Both of those fall into “this null means there is no value for these (because we aren’t using icu)”. I have no qualms with leaving true nulls represented as themselves. Clean slate maybe I print “(not using icu)” there instead of null but it isn’t worth the effort to change.
>
> I won’t argue that exposing such NULLS is wrong, just it would preferable IME
> to avoid doing so. NULL means unknown or not applicable and default privileges
> are neither of those things. I get why our catalogs choose such an encoding and
> agree with it, and users that find the need to consult the catalogs will need to
> learn such details.
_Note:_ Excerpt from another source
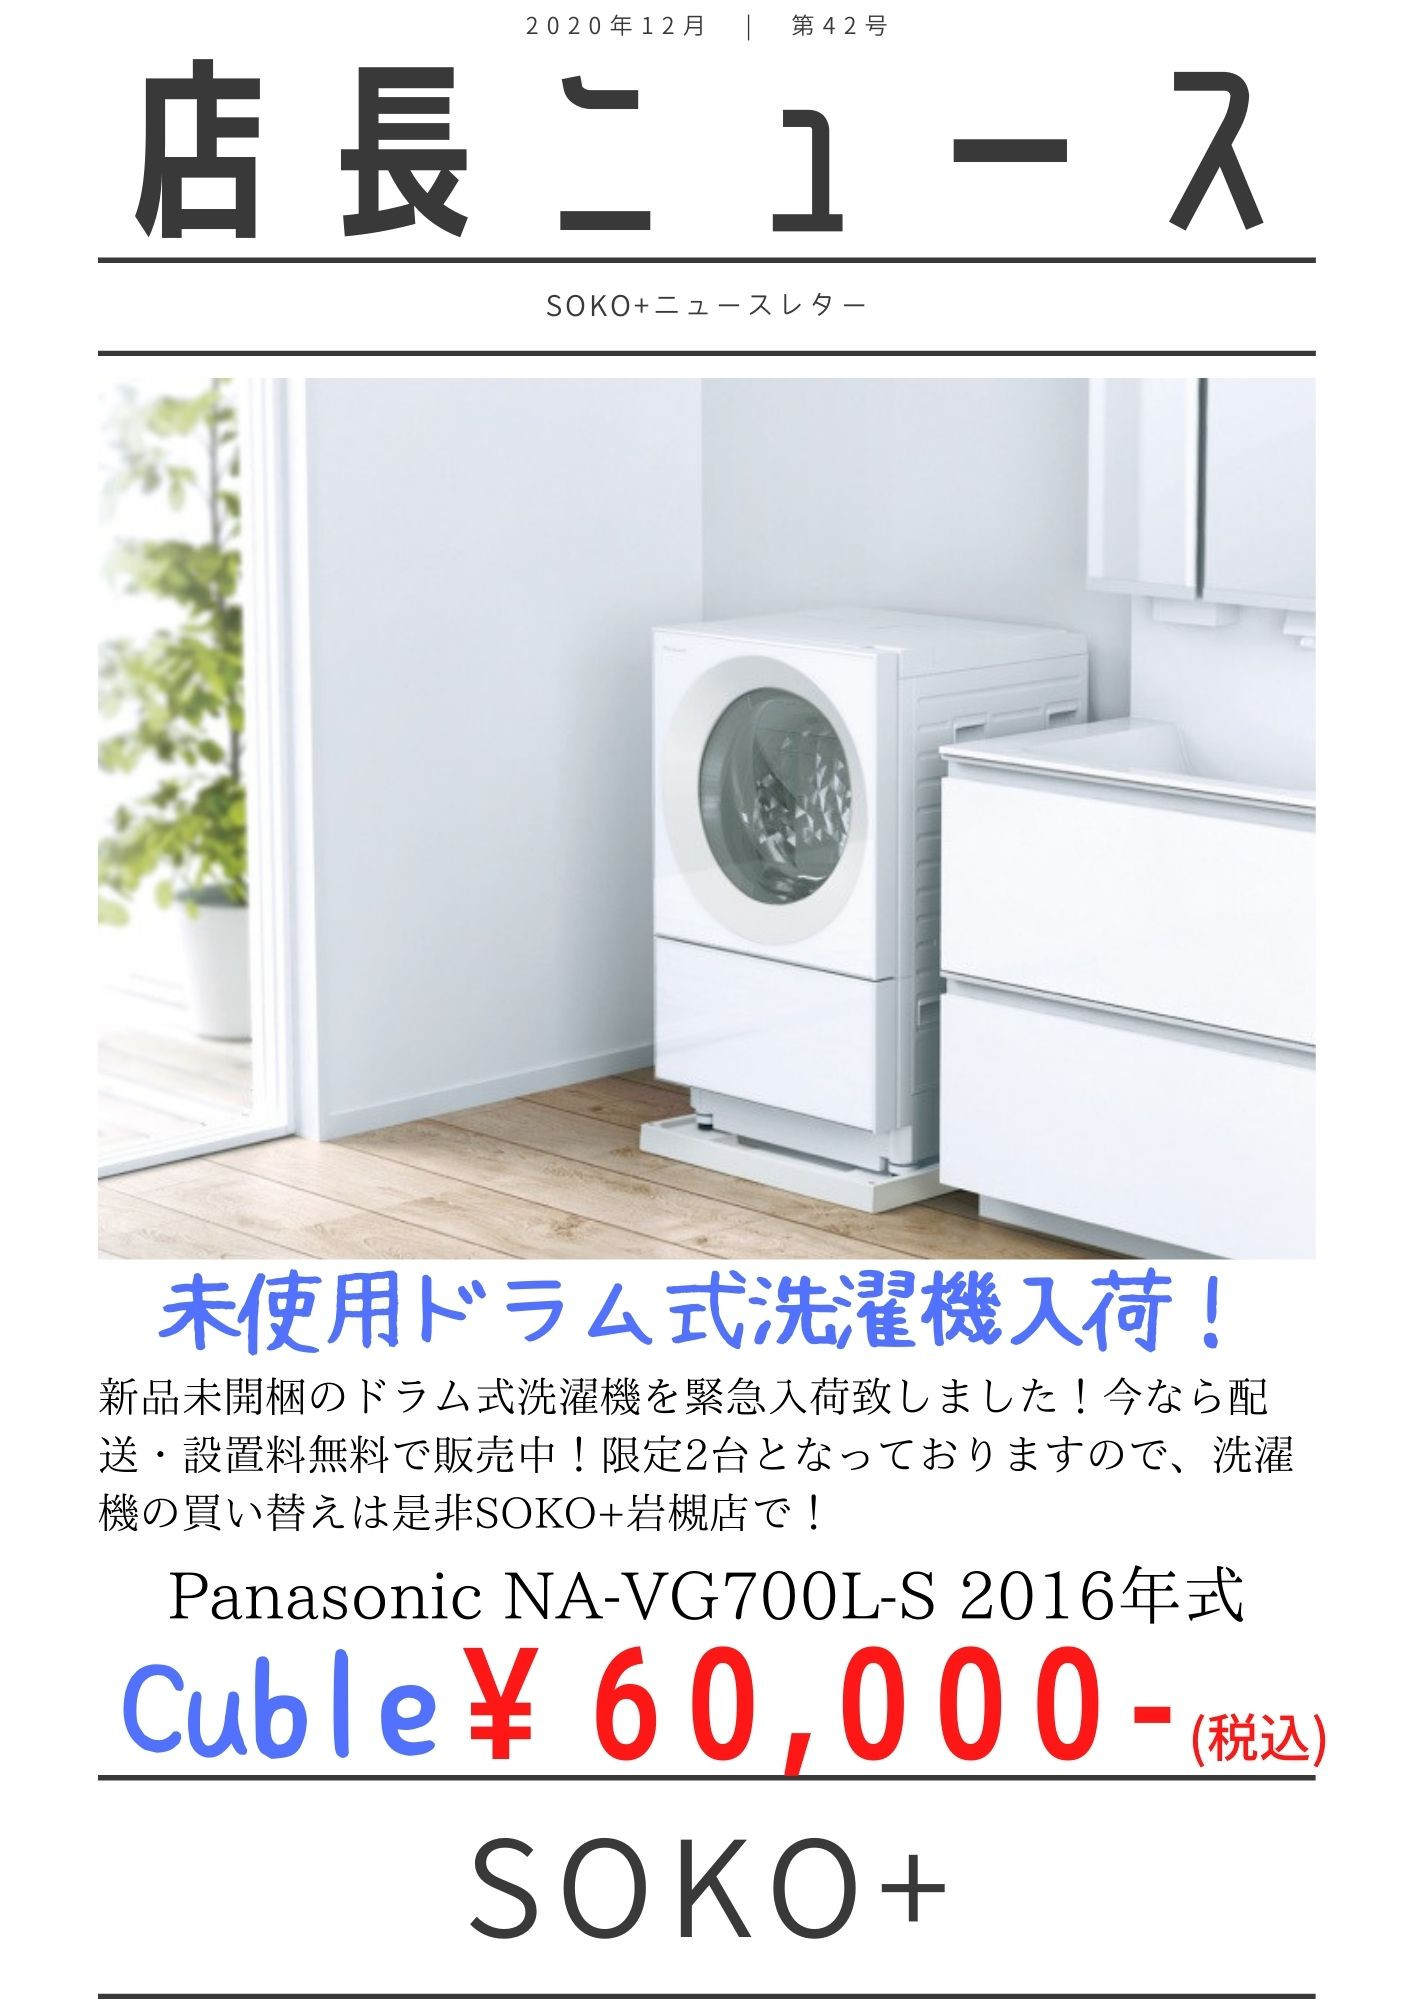 ドラム式洗濯乾燥機 キューブル Panasonic NA-VG700L - 洗濯機

But we should strive for them to be able to survive with
> psql meta-commands.
Sure, it would be best to hide this implementation detail from the user.
The correct way to do that would be to fake an ACL entry like "laurenz=arwdDxt/laurenz"
if there is a NULL in the catalog, but that would add a ton of special-case
code to psql, which does not look appealing at all.
More generically it would be “[PUBLIC=]/???/postgres” and {OWNER}=???/postgres
It would ideally be a function call for psql and a system info function usable for anyone.
David J.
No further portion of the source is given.